There was a moment today when I had a sudden and wonderful realisation that I was the victim of what is either a brilliant practical joke or something merely amusing but unintended. I was sitting after lunch intently reading The Times‘ science magazine, Eureka, which had an excerpt from the new Stephen Hawking book that caught my eye and a few other interesting articles. Say what you like about readers of The Times or popular science magazines in general (in my defense, I am a frequenter of neither – this was a second hand copy from a nearby table), but you have to concede that lurking wrinkle-browed behind the cover of such a publication is likely to win you more kudos than, say, perching purse-lipped past the glossy facing of Celebrity Gossip Magazine or whatever. Even if you do read it during lunch.
So one of the articles in this particular magazine requires that you flip the publication upside-down to read it, an exercise which I completed fairly effortlessly and without much thought. Shortly thereafter someone who’d been sitting nearby while I ate and read and looked interested for the last 30 minutes turned to me and asked me a question – and I looked up from the magazine, then down at it again, then again at the person who’d asked me the (unrelated) question – who was now also looking at the magazine – because all she could see was the clearly and unambiguously inverted cover, complete with impressively sciency-picture and car advert. And there was this sort of prolonged, shared embarrassed pause as we both realised that, while clearly maintaining this facial expression of interest and thought and continuing to ignore the majority of conversation around me, I was blatantly holding the magazine upside-down. Real smart that.
Everyone had a good laugh about it, so I’m left wondering if the editors realised the consequences of their decision to feature the short opening piece on bats upside-down or if it was just a funny accident.

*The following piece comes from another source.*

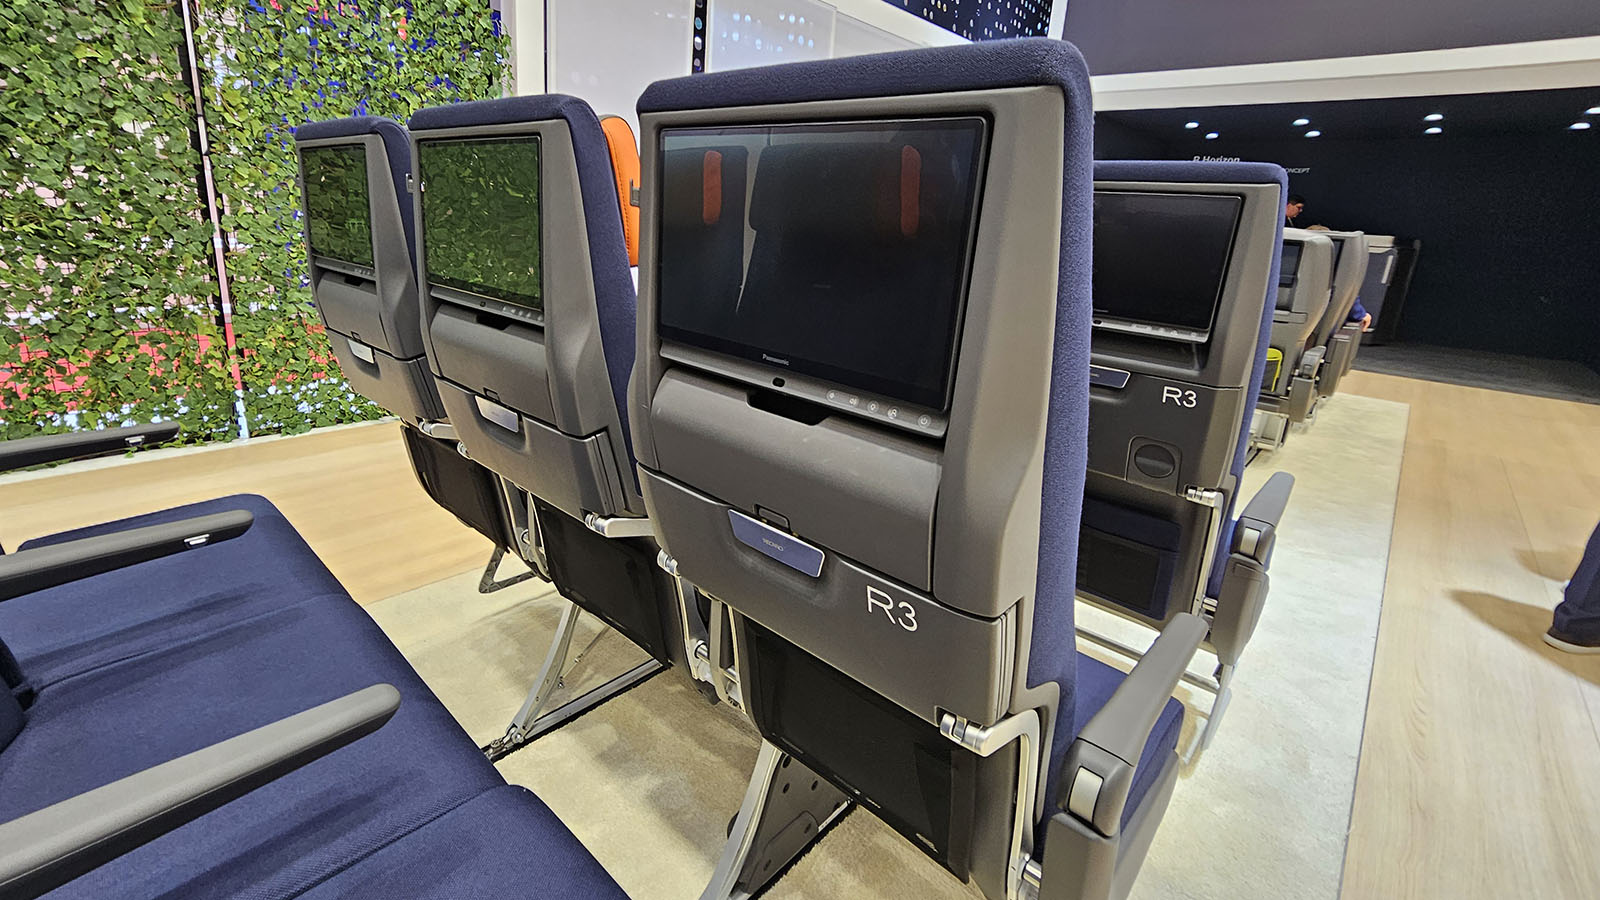 TV monitor in Qantas' Project Sunrise Economy seat

Anyway, <insert clever segue here>, it’s been a while since I posted anything about the Cataclysm beta. News from that has just been flooding in lately, hasn’t it? Yet I still managed to log in today and see a bunch of things that surprised me or I hadn’t read about before, so either I’m not paying as much attention as I thought or people aren’t writing as much about beta as I expected.
So here’s some pretty random stuff I found interesting, some or most or all of which may be common knowledge.
All the classes and specs in the beta are rapidly approaching a state where they seem complete. Indeed, with the 4.0.1 PTR now apparently active, Blizzard obviously feel they’re getting close to the point at which they can release their changes to the live servers in preparation for Cataclysm’s release. Appropriately therefore, in the last few builds some significant round-outs have been made to some of the most lacking specs which really filled in some of the remaining gaps. Some big things of note to elemental:
- Earthquake no longer has a cooldown, meaning it’s now a spammable ranged AoE. And there was much rejoicing! Unfortunately it doesn’t trigger Clearcasting at the moment.
- There’s an interesting Major Glyph which makes Chain Lightning hit two extra targets but do 10% less initial damage, making it a 5-target super cleave. Not really sure how useful this will be with the 30% falloff but it’s pretty to watch on target dummies. This would make CL unattractive against single targets but with Lava Surge it’s going to be unattractive anyway.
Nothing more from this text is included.